Labbe announced on this morning’s The Morning Drive on SiriusXM NASCAR Radio that he has joined Toyota Racing and Toyota Racing Development as Manager of Teams and Vehicles Support.

Labbe’s duties will be stretch across all forms of Toyota’s racing involvement including NASCAR, NHRA drag racing, NASCAR K&N Pro Series, USAC, Rally Series and several other series.

“It’s going to be a challenge for me, working for an OEM (Original Equipment Manufacturer) after being in NASCAR for 32 years,” Labbe said. “But working with the various racing divisions of Toyota Motorsports through TRD is a very exciting challenge for me and I’m looking forward to it.”

Labbe’s duties will include technical support to Toyota teams across all the various motorsports series it supports.

“I’ll be a manager of some of that direction as for what the teams specifically need,” Labbe said.

Labbe won’t have to travel far for his first assignment: the suburban Charlotte resident will be at this weekend’s NHRA event at zMax Dragway, across from Charlotte Motor Speedway.
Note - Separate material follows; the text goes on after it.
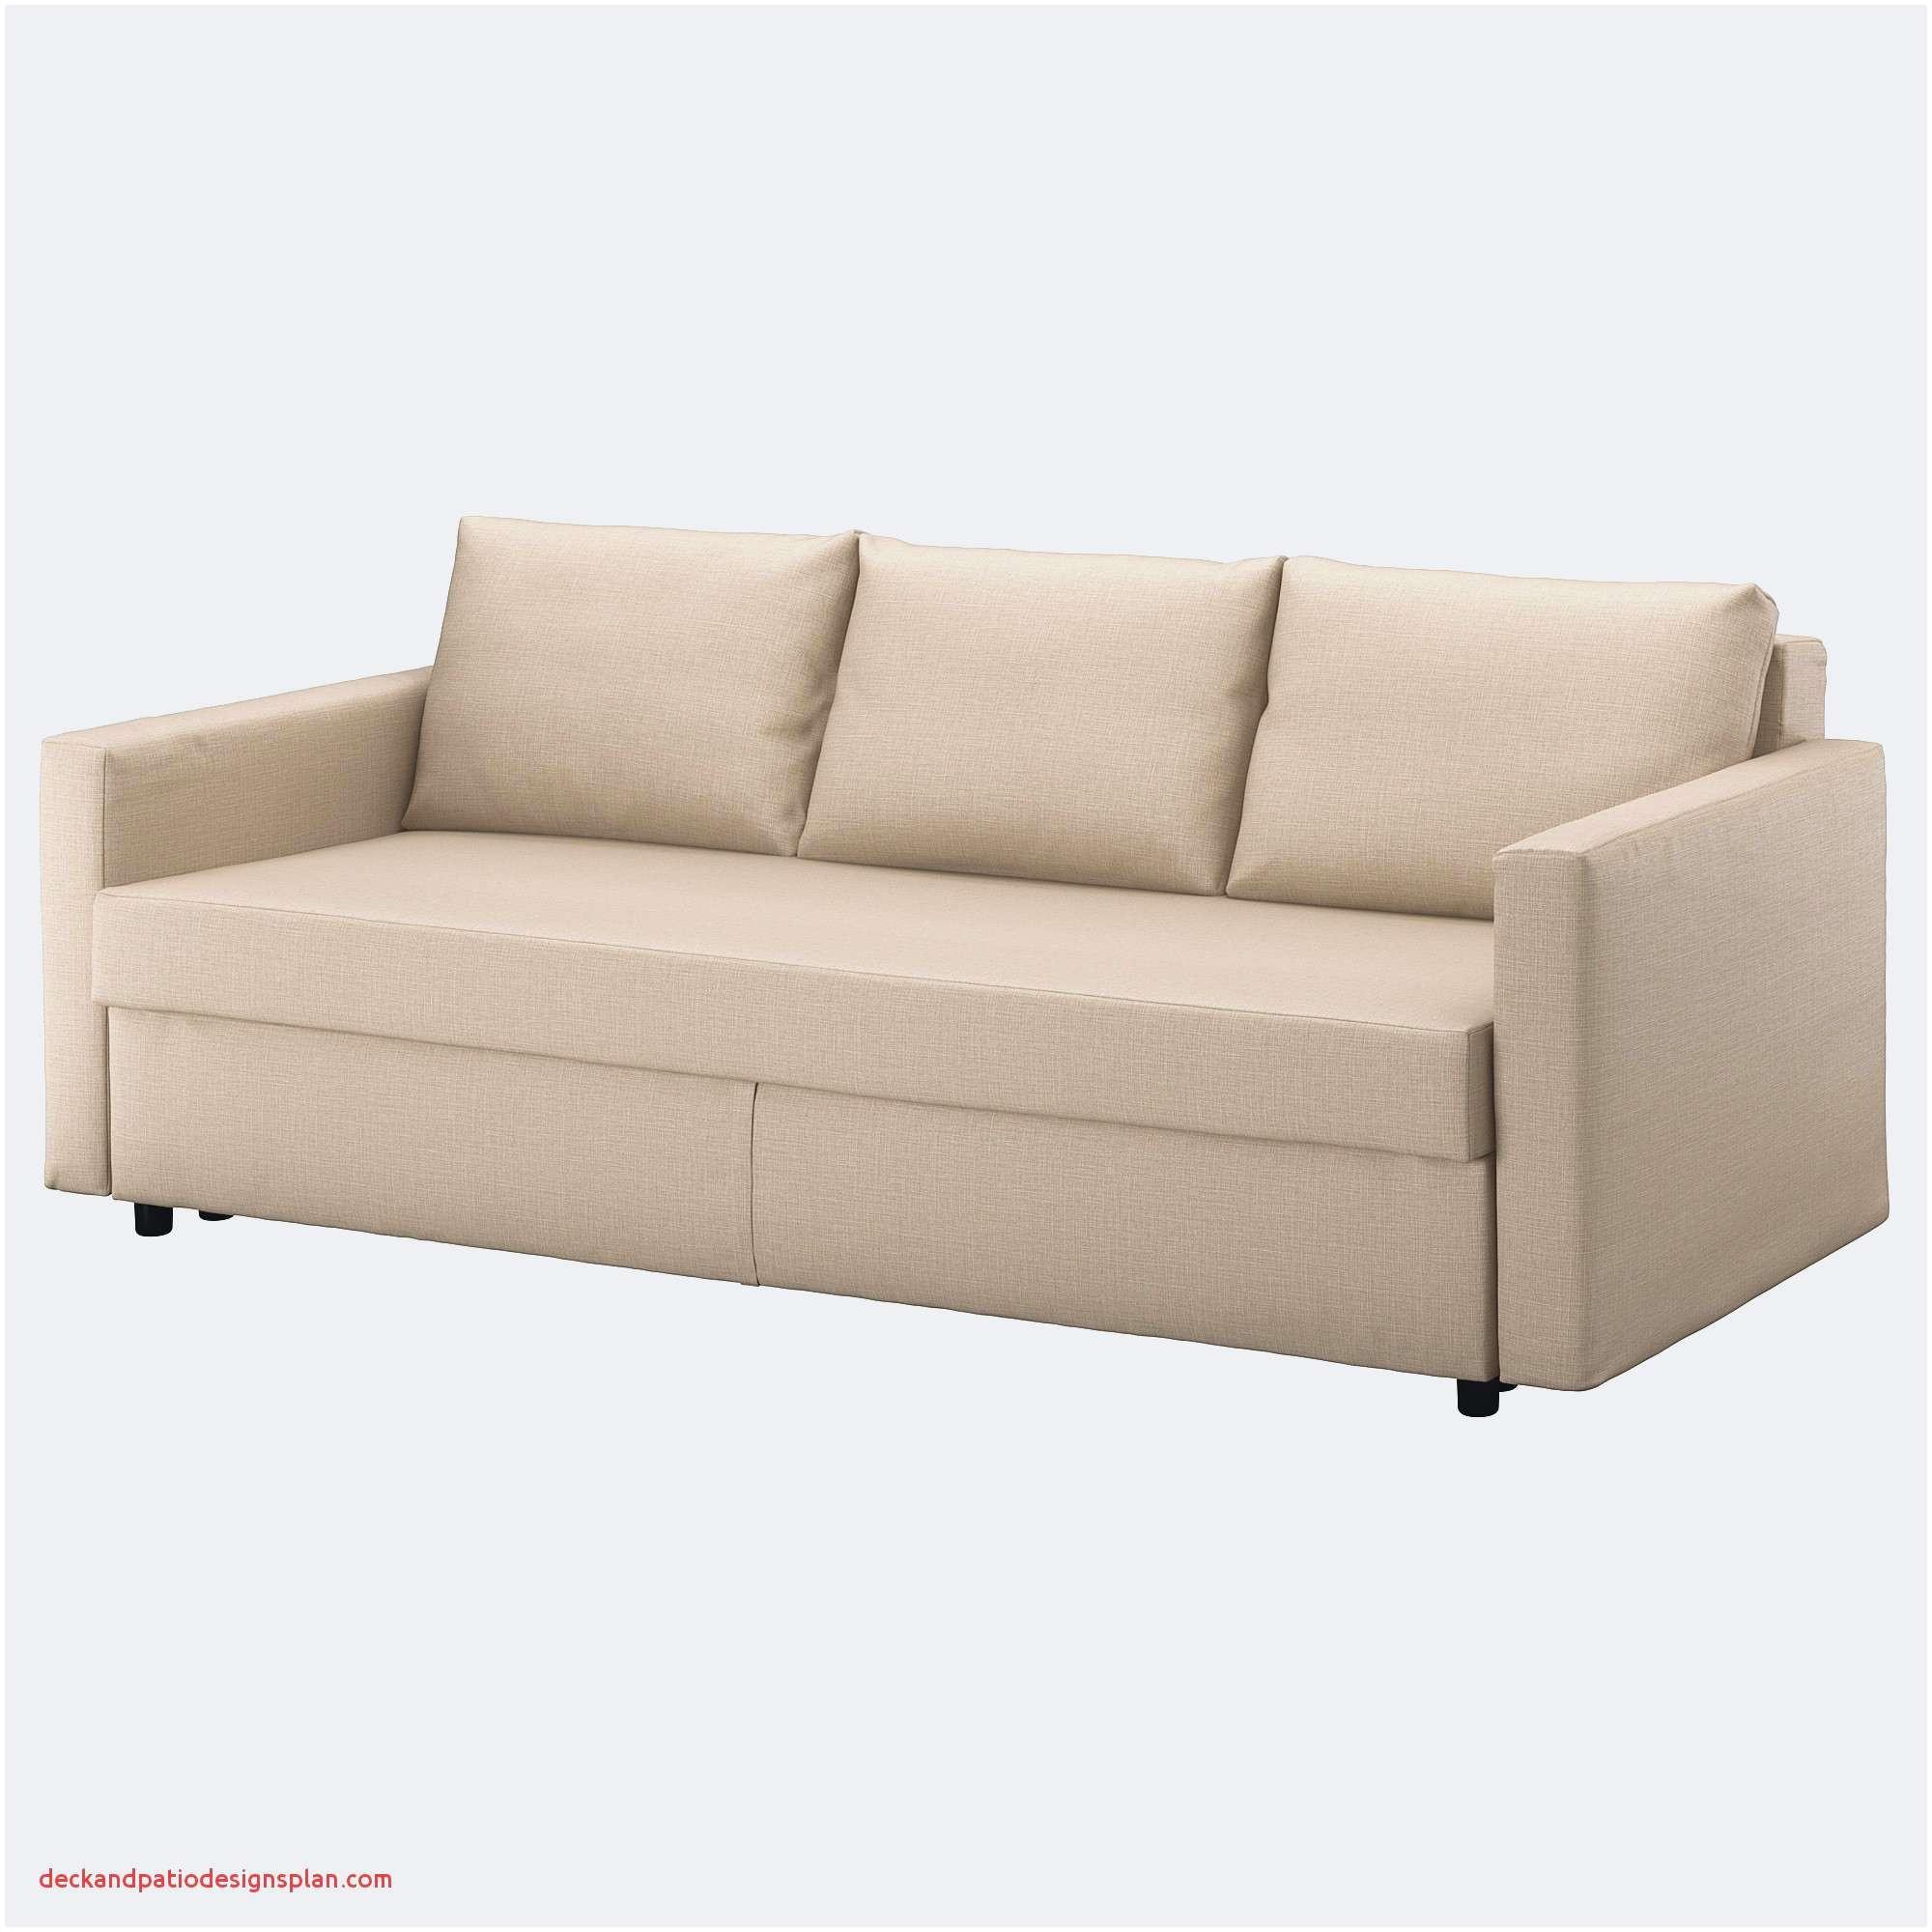 frais ikea stockholm lampe sofa bed ikea usa lovely wicker outdoor sofa 0d pour option lampe ikea

“I get to do something completely different than NASCAR to start this weekend and I’m looking forward to that challenge,” Labbe said. “It’s going to be a pretty cool opportunity for me.”

Labbe left Richard Childress Racing as crew chief for the No. 3 NASCAR Cup Chevrolet driven by Austin Dillon on May 22.

Labbe’s departure led to a shuffle of crew chiefs within its Cup and Xfinity teams that saw Justin Alexander replace Labbe and Randall Burnett took over as crew chief for the No. 2 Xfinity Series Chevrolet.

Labbe had been a Cup crew chief with RCR since 2010. He initially worked with Paul Menard, who won the 2011 Brickyard 400 with Labbe as crew chief. He had been with Dillon since midway through the 2015 season.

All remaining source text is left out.